What is SPAC11D3.02c and why is it important in research?

SPAC11D3.02c is a gene encoding a protein in Schizosaccharomyces pombe (fission yeast), classified as an ELLA family acetyltransferase (predicted) and UPF0039 protein C11D3.02c . The protein is significant in research because acetyltransferases play crucial roles in cellular processes by catalyzing the transfer of acetyl groups to substrates, influencing gene expression, protein function, and metabolic pathways. Understanding SPAC11D3.02c contributes to our knowledge of fundamental cellular mechanisms in S. pombe, an important model organism for studying eukaryotic cell biology, particularly cell cycle regulation and chromosome dynamics. Research with SPAC11D3.02c antibodies enables scientists to investigate protein localization, expression levels, and interactions within cellular contexts.

What applications are most suitable for SPAC11D3.02c antibodies?

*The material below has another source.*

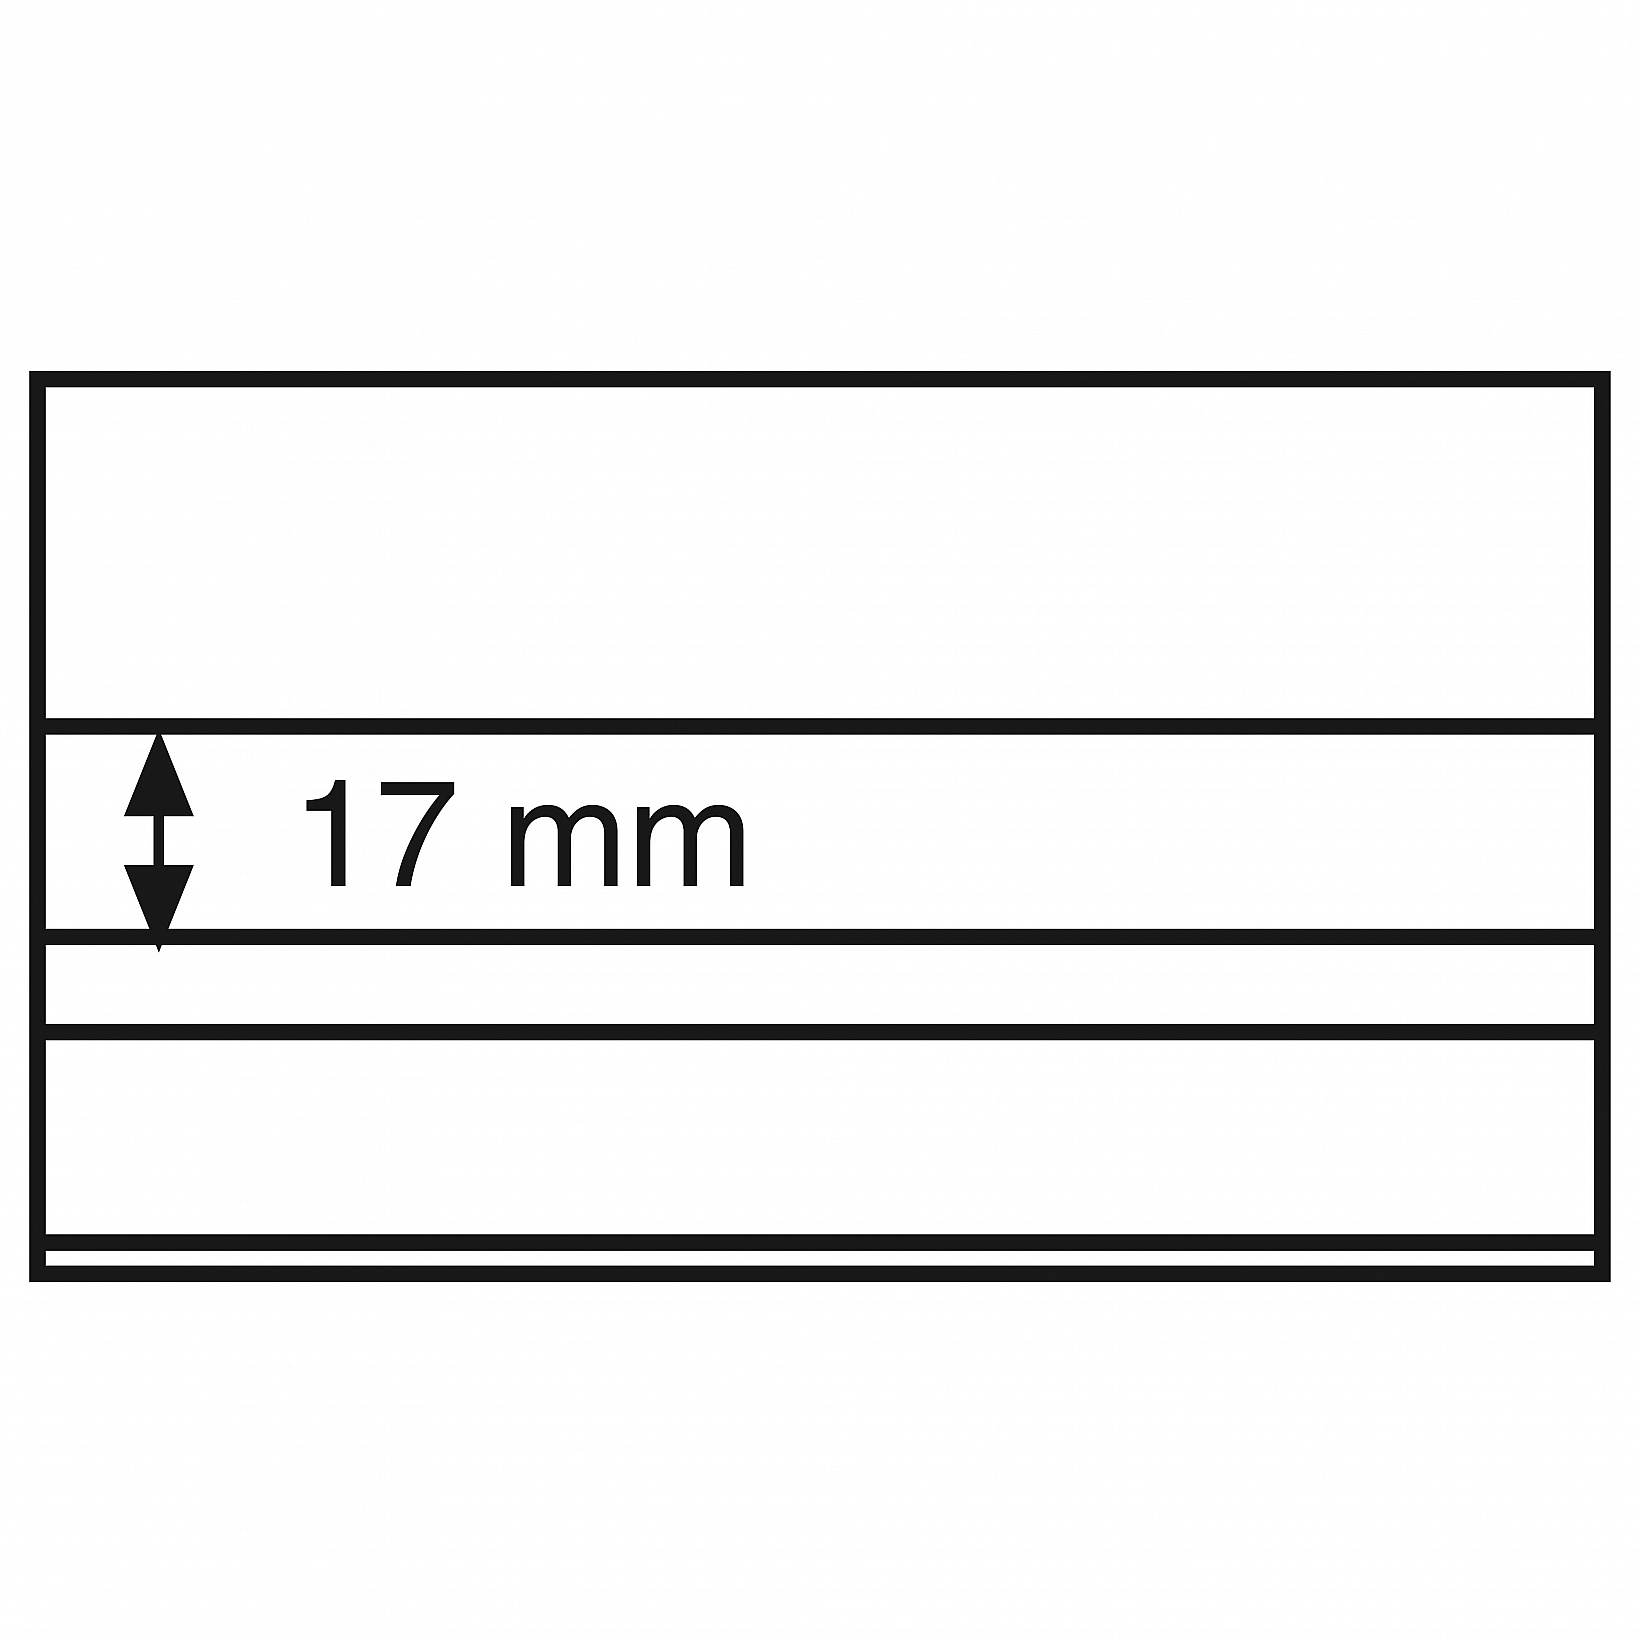 Štandartné PVC karty, 148x85 mm, 2 číre pásy s krycím listom, čierne, 100ks/bal (EKACD/2SPVC)

SPAC11D3.02c antibodies have been validated for several research applications, primarily ELISA (Enzyme-Linked Immunosorbent Assay) and Western Blot techniques . These applications are particularly valuable for detecting and quantifying the SPAC11D3.02c protein in experimental samples. Western blotting allows researchers to determine protein expression levels and molecular weight, while ELISA provides quantitative measurements of the protein in complex biological samples. The antibodies may also be adaptable to immunohistochemistry, immunofluorescence, and immunoprecipitation techniques, though these applications would require additional validation for optimal results. When selecting applications, researchers should consider the specific experimental objectives and available antibody formats (polyclonal vs. monoclonal).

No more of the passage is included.